On Mon, Feb 20, 2017 at 05:16:15AM -0800, Jonathan M Davis via Digitalmars-d-learn wrote:
[...]
> Regardless, if performance is your #1 concern, then I would suggest
> that you compile with ldc and not dmd.
[...]

+1.  If you are concerned about performance enough to worry whether the
compiler will inline something, it's time to use gdc or ldc.  Dmd's
inliner is rudimentary at best, and its optimizer, while serviceable, is
not up to par with gdc or ldc's optimizers.  If you want top
performance, use gdc / ldc. 

IME gdc -O3 consistently produces code that runs about 20-30% faster
than code produced by dmd -O (even with -inline).  Sometimes I've seen
performance gains of up to 40-50%. This is especially likely when your
code consists of deep call trees involving small(ish) functions: I've
looked at the assembly output before and it seems that dmd's inliner
just gives up too easily, thus missing the opportunities for further
reductions and further inlining.  Even after discounting the inliner,
though, I find that gdc is simply better at loop optimization than dmd,
such as hoisting, strength reduction, unrolling, etc..  So if your code
involves complex loops, expect gdc -O3 to produce better code than dmd.
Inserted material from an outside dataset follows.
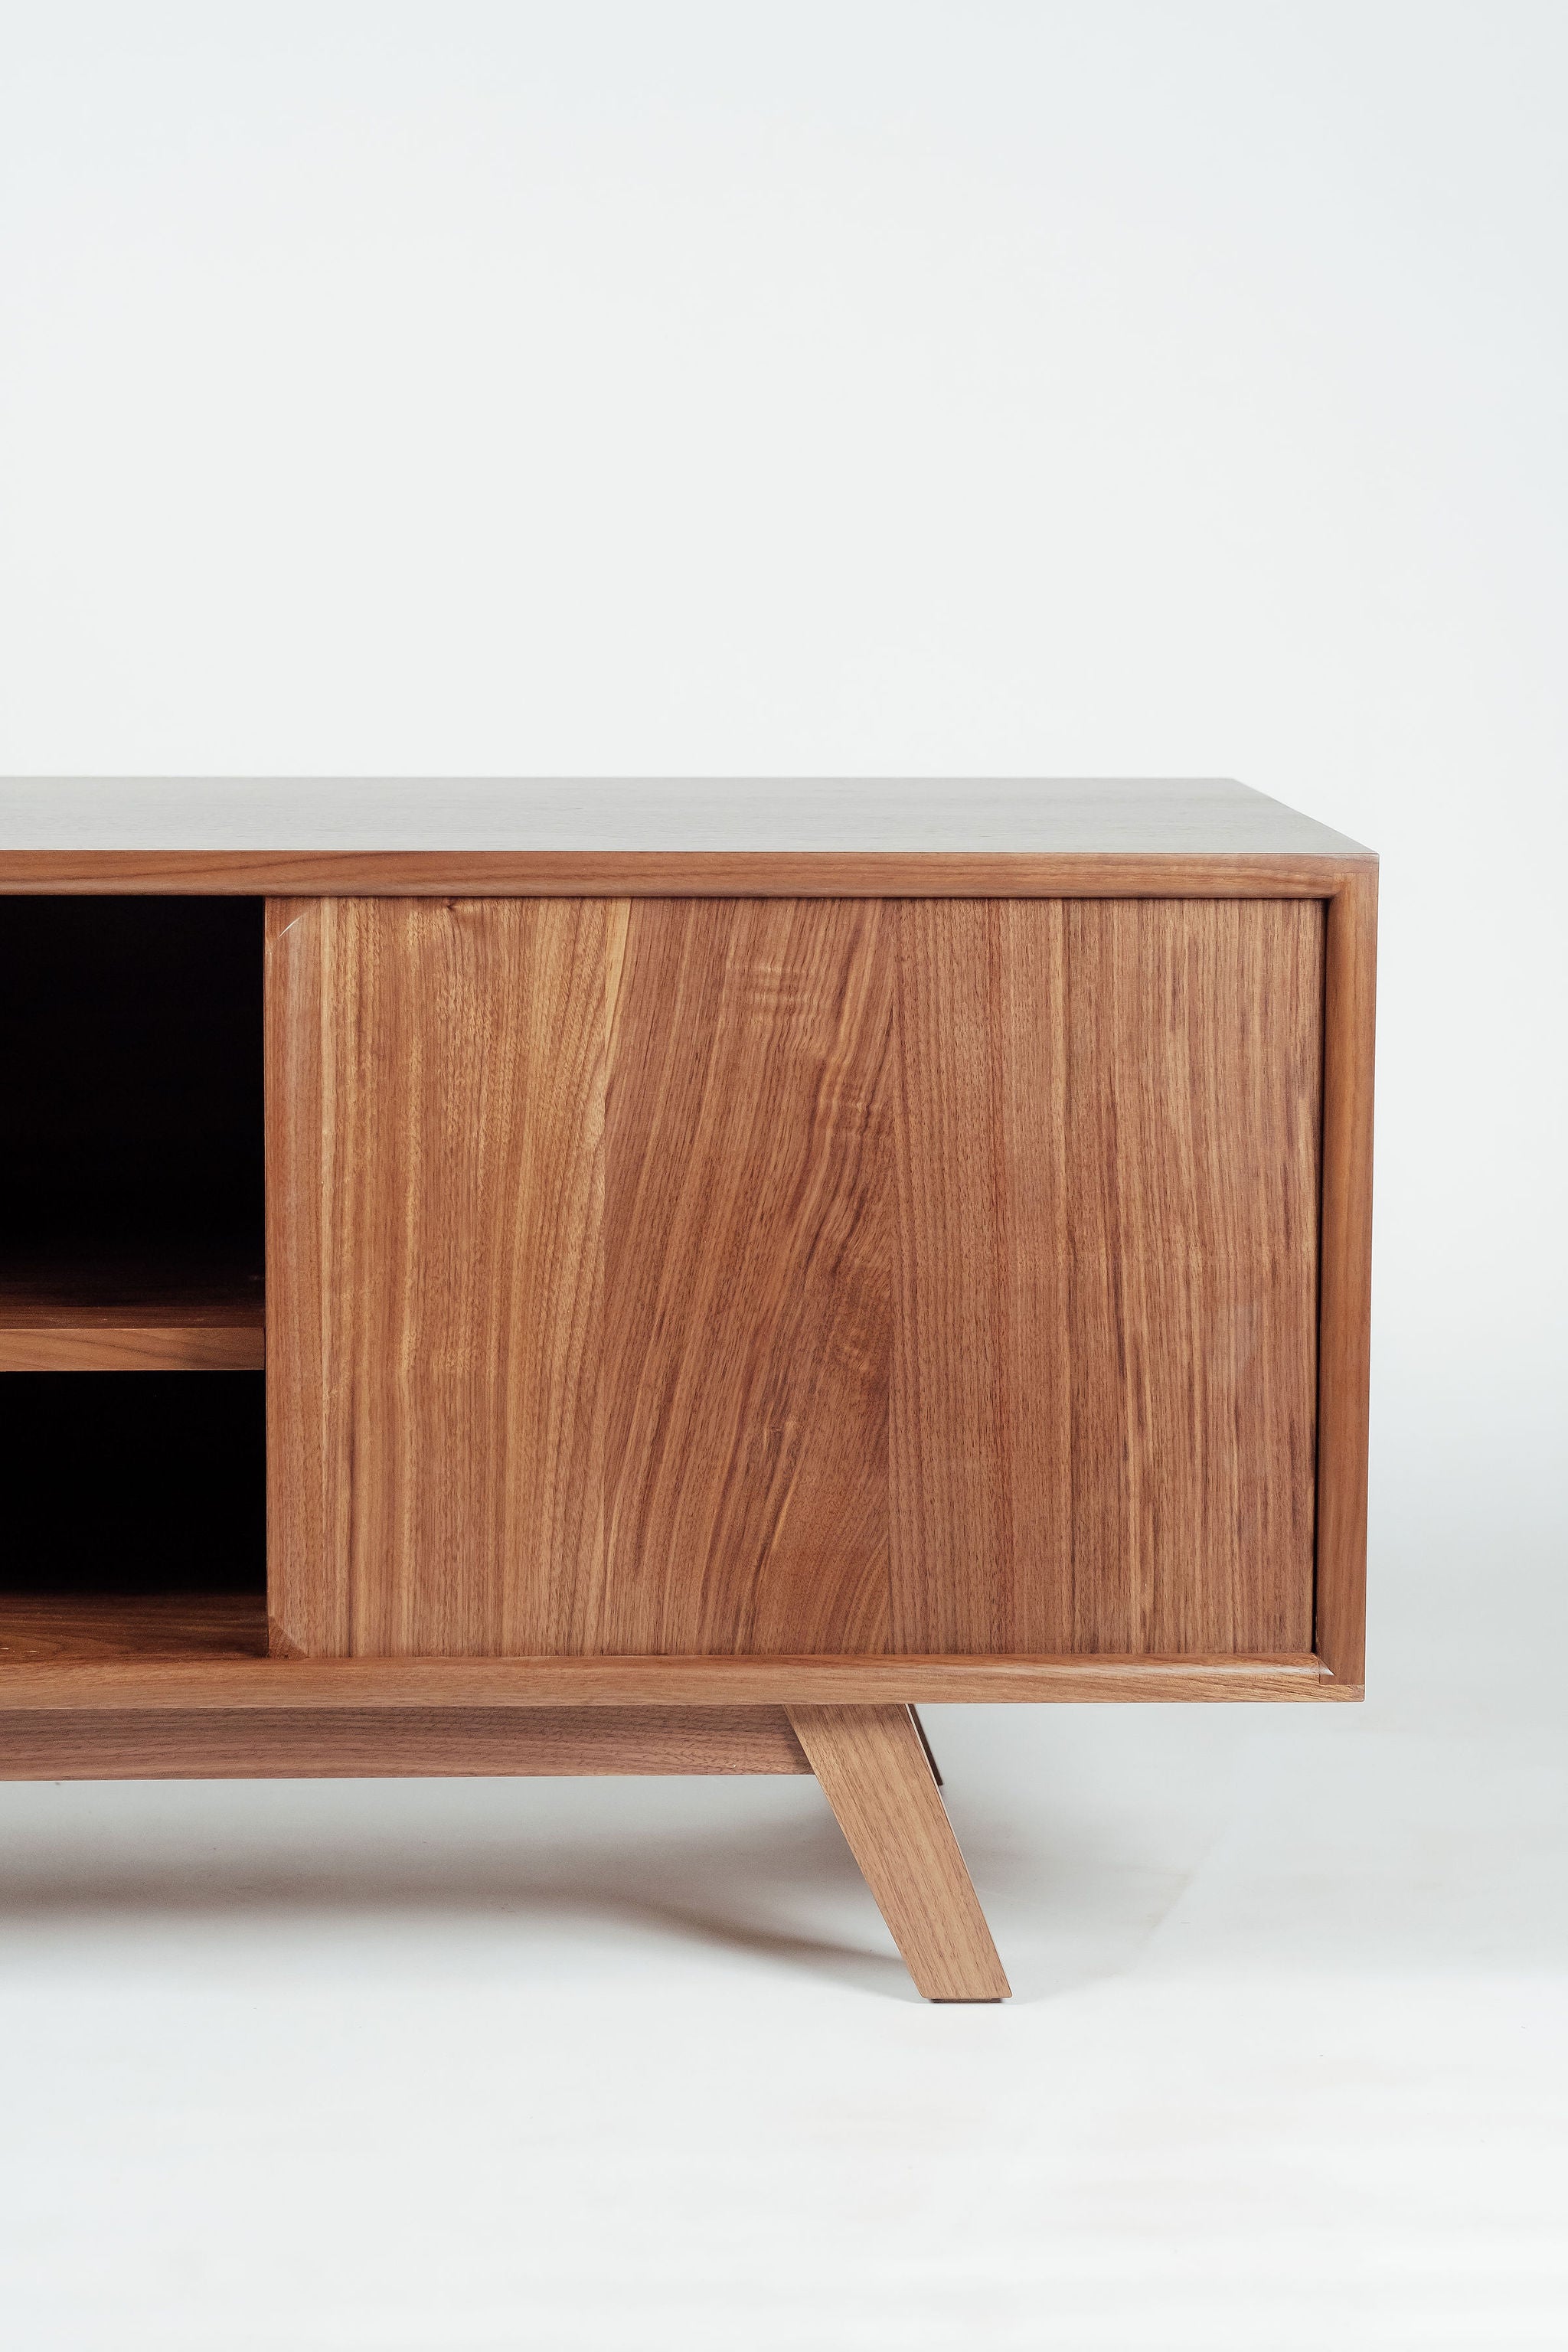 Zenith midcentury modern Media Credenza by Hunt & Noyer Furniture handmade in Michigan

Well, "better" may be debatable, but certainly gdc is far more
aggressive at optimizing loops (and optimizing in general) than dmd, and
I find in the cases I've looked at that aggressive optimization often
leads to further optimization opportunities, whereas if the optimizer is
too conservative, opportunities are missed that may lead to other
opportunities, so the resulting code can end up being vastly different
in performance.

Having said all that, though, have you used a profiler to determine
whether or not your performance bottleneck is really at the function in
question?  I find that 90% of the time what I truly believe should be
inlined actually doesn't make much difference; the bottleneck is usually
somewhere else that I didn't expect.  I used to spend lots of time
trying to hyper-optimize everything, only to discover later that 90% of
my efforts have been wasted on gaining a meager 1% of performance,
whereas if I had just used a profiler in the first place, I would have
gotten a 50% performance improvement with only 10% of the effort.

T

-- 
Tech-savvy: euphemism for nerdy.